3.2. Effect of vehicle speed

The effect of speed on sound pressure levels and vibration magnitudes was investigated in the front and rear cabs in Viking(RE 97 AB). The vehicle was driven over concrete road in 5 km/h increments ranging from stationary (engine running but vehicle stationary) up to the maximum speed of the vehicle, as shown in Table 3.Figs.7 and 8 show sound pressure levels,LAeq,measured in the front and rear cabs while travelling at different speeds over concrete road. The maximum speed tested for each cab varied depending on weather conditions:the road surface was wet during tests on the front cab thus restricting the maximum speed to 40 km/h. Sound pressure levels measured in the rear cab show a large increase from about 65 dB(A) with the vehicle stationary to about 90 dB(A) with the vehicle travelling at 15 km/h. Gradual increase in sound pressure levels (in the rear cab) occurred with further increase in speed:90 dB(A)at 15 km/h to 97 dB(A)at 60 km/h.

The graphs show an increase in cabin noise with increasing speed. An advantage of gathering noise data at increasing speed increments would be to determine if any resonances resulting in higher noise can be observed in the data. For example, in the rear cab of the Viking vehicle(Fig.8),slightly elevated noise can be seen at 35 km/h; this was not observed in the front cab.

Figs. 9 and 10 show frequency weighted vibration magnitudes measured in the front and rear cabs, respectively, during travel at different speeds.The data shown in Figs.9 and 10 were calculated using a unity multiplication factor for all axes,since these data are used to show the effect of speed on vibration rather than the health effects of changing speed. Multiplying factors of 1.4 would be applied to the vibration magnitudes in the horizontal axes (x-axis and y-axis)to determine the health effects of vibration magnitudes.Applying the health-effect multiplication factors would not alter the highest vibration magnitudes which occurred in the vertical axis (z-axis).

The data for the front cab in Viking in Fig. 9 show that the vibration magnitudes in the different locations tended to reach a maximum at a particular speed and a further increase in speed did not significantly affect the vibration. For example, vibrations measured on the driver’s seat showed greatest magnitude (about 0.5 m/s2r.m.s.)in the vertical axis and this was the highest at 10,20 and 40 km/h. Crew right seat shows only a small, but gradual, increase in the vertical axis vibration with increase in speed from about 15 to 40 km/h.

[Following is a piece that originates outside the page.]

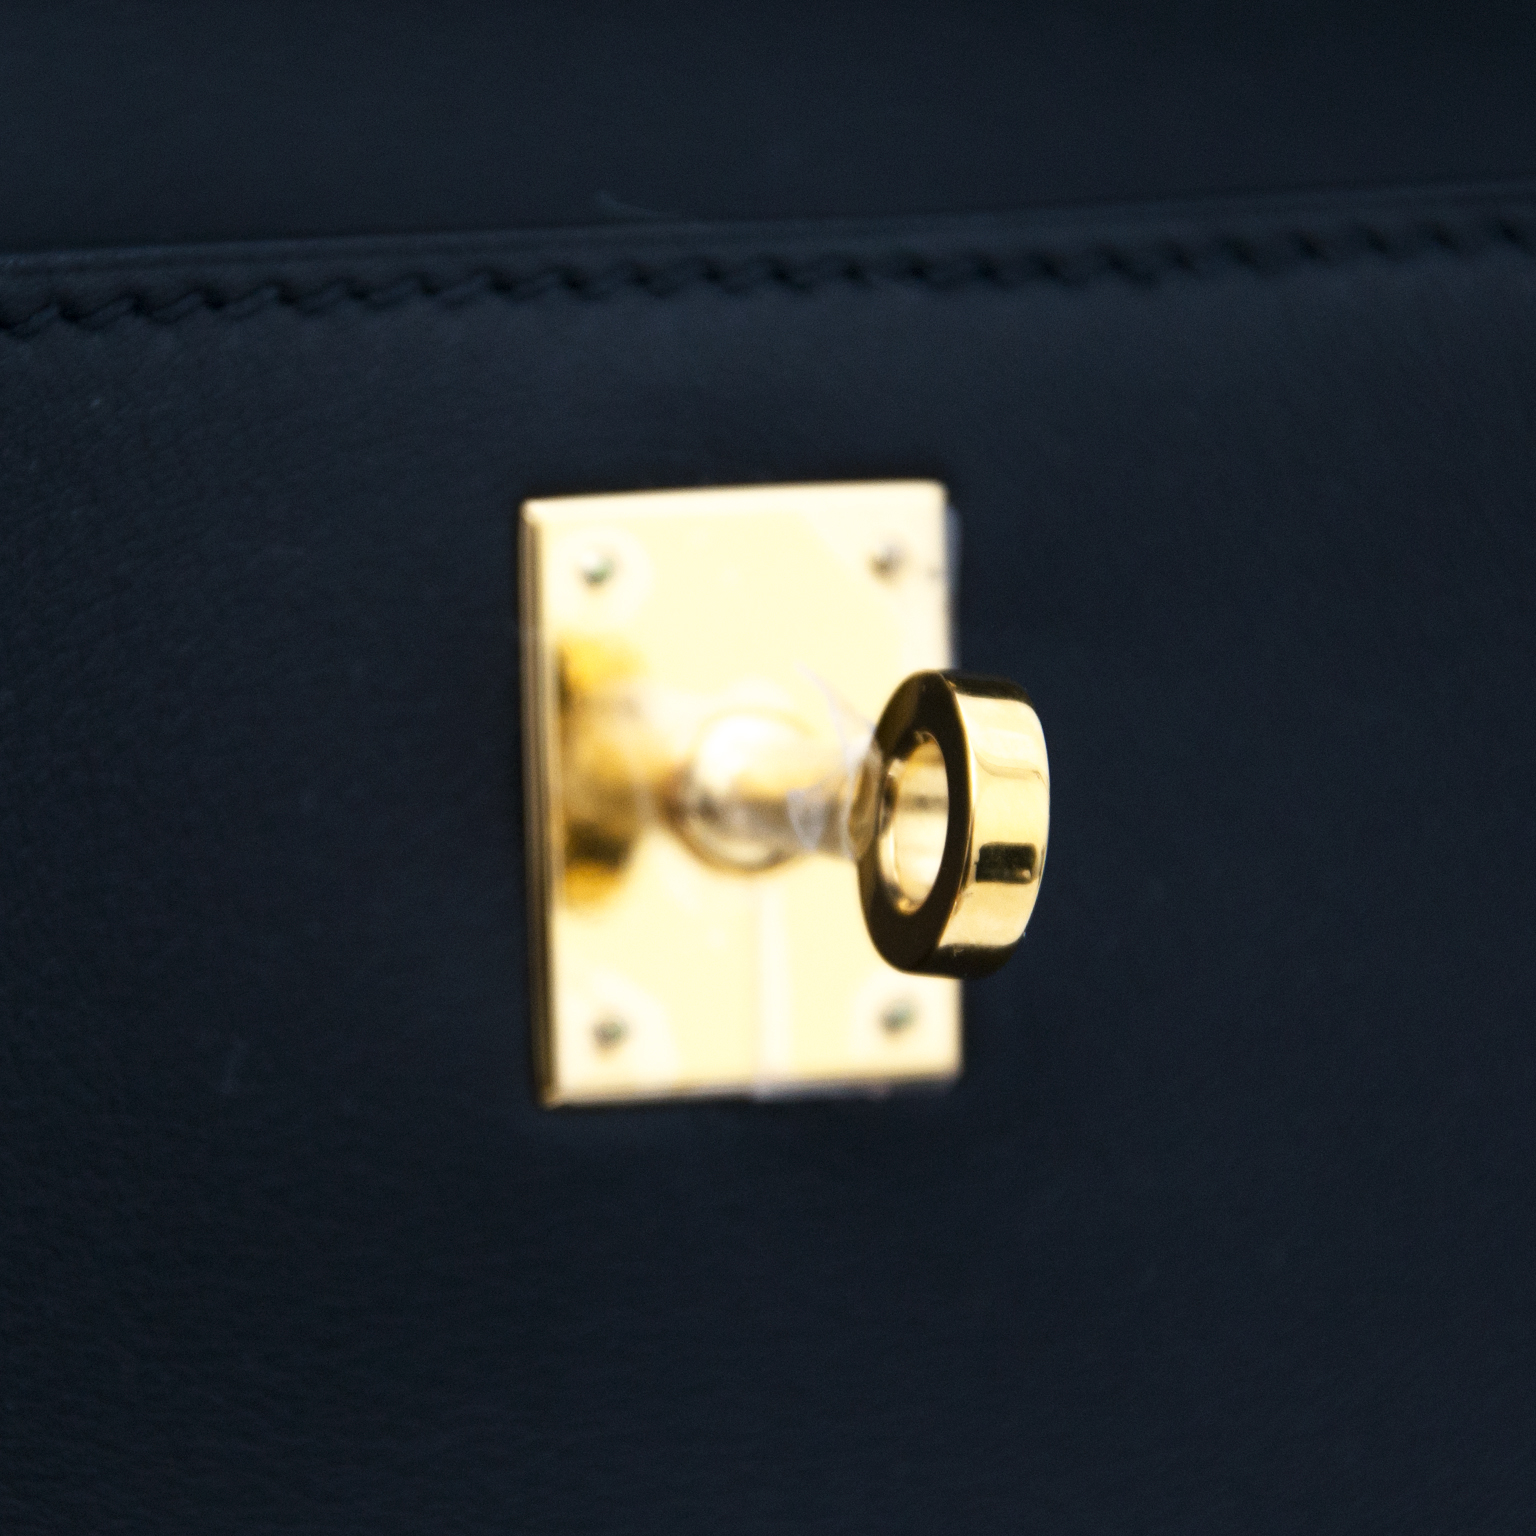 Koko免費分類廣告 - Hermes Mini Kelly Pochette So Black Item specifics    #100authentic #black #hermès #kelly #mini # pochette

The main advantage of vibration magnitudes that have been measured at increasing speed increments would be to determine if any resonances could be observed in the vibration data. Maybe such resonance behaviour would not be evident if incremental speeds were not used.One such resonance of note is seen in Fig.10 for measurements on the floor of the rear cab of the Viking:a local resonance is seen in vibration in the vertical axis which appears to be excited with the vehicle travelling at 15 km/h. This could be indicative of a specific vibration problem with this vehicle.Further investigation could focus to determine the cause of this high vibration and, if necessary, appropriate remedial action taken.Although this resonance occurred on the floor of the vehicle, this was not transmitted to the seat closest to the floor location(seat 1,see Fig. 2).

3.3. Effect of different types of terrain

The A-weighted broadband equivalent continuous sound pressure levels LAeqare presented graphically in Figs.11 and 12 (front and rear cabs) for the Viking vehicle (RE 97 AB) travelling over different types of terrain and varying speeds.The values in Figs.11 and 12 correspond to average sound pressure levels for two different measurement runs. (No reliable data were collected for the commander’s seat while travelling at 20 km/h over track.)

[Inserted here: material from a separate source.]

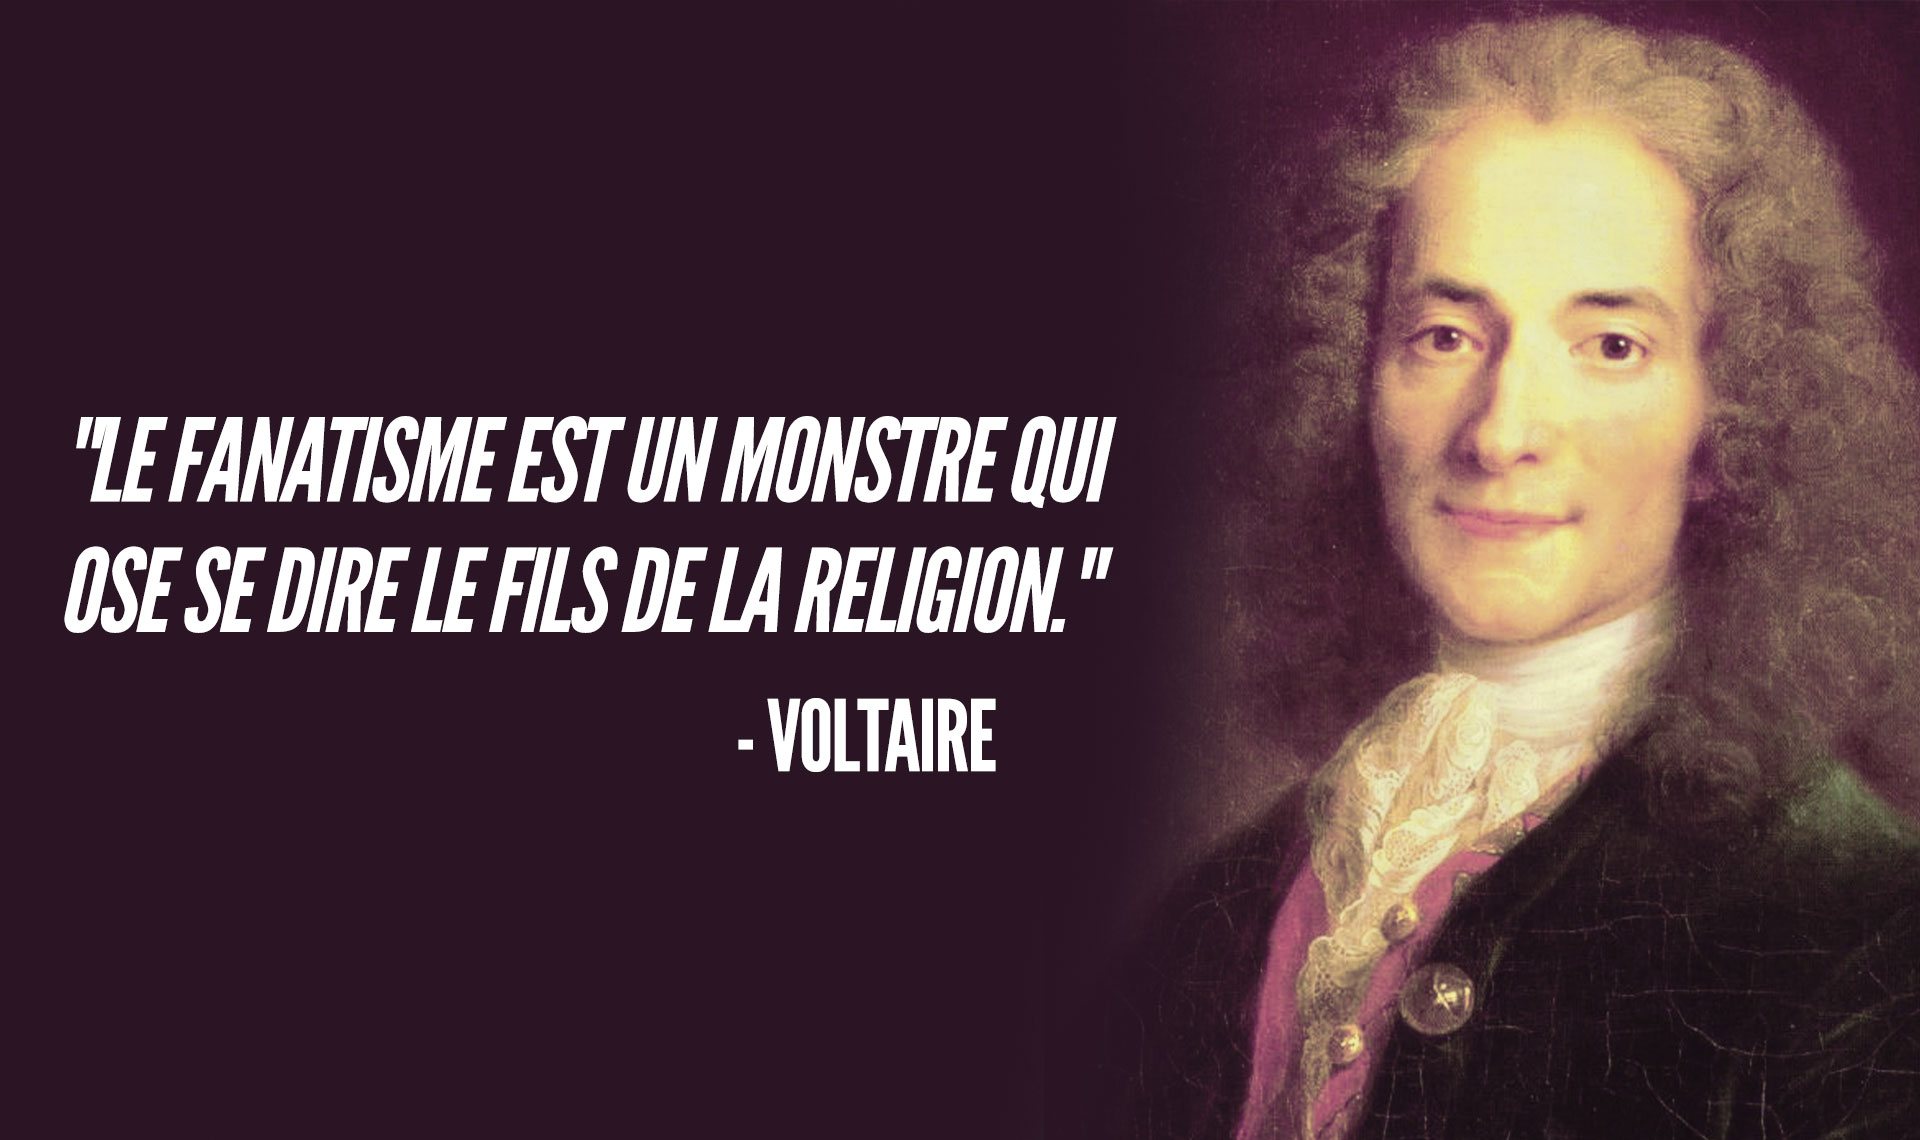 Voltaire fanatisme

The highest noise value obtained for the front cab of the Viking vehicle was 104 dB(A) and was measured at the commander’s location when standing at the front hatch during travel over concrete road at 55 km/h (see Fig. 11). Higher values for the commander’s standing position are thought to be due to the microphone being ‘outside’ of the vehicle and therefore greater exposure to external sources from the vehicle (such as the engine,exhaust, track, etc.) and wind noise. The highest noise value obtained in the rear cab was 99 dB(A) for the same road surface at a nominal speed of 60 km/h (seat 2, Fig. 12). Noise levels were significantly higher at the commander’s standing position compared with all other crew locations and this was consistent for the different speed and road surface operations.Similar noise levels were measured in the front and rear cab of the Viking during transit over track and concrete road at a nominal speed of 35 km/h;although lower noise levels were measured in the rear cab for low speed travel over track(20 km/h)and cross-country compared with the front cab seats. Overall, noise levels were greater when the vehicle travelled at high speed compared with slower speeds and the spread of noise values measured at the various seat locations appeared greater in the rear cab seats for the different operations compared with the front cab.That is,the differences in terrain and speed had a greater effect on noise in the rear cab compared with the front cab.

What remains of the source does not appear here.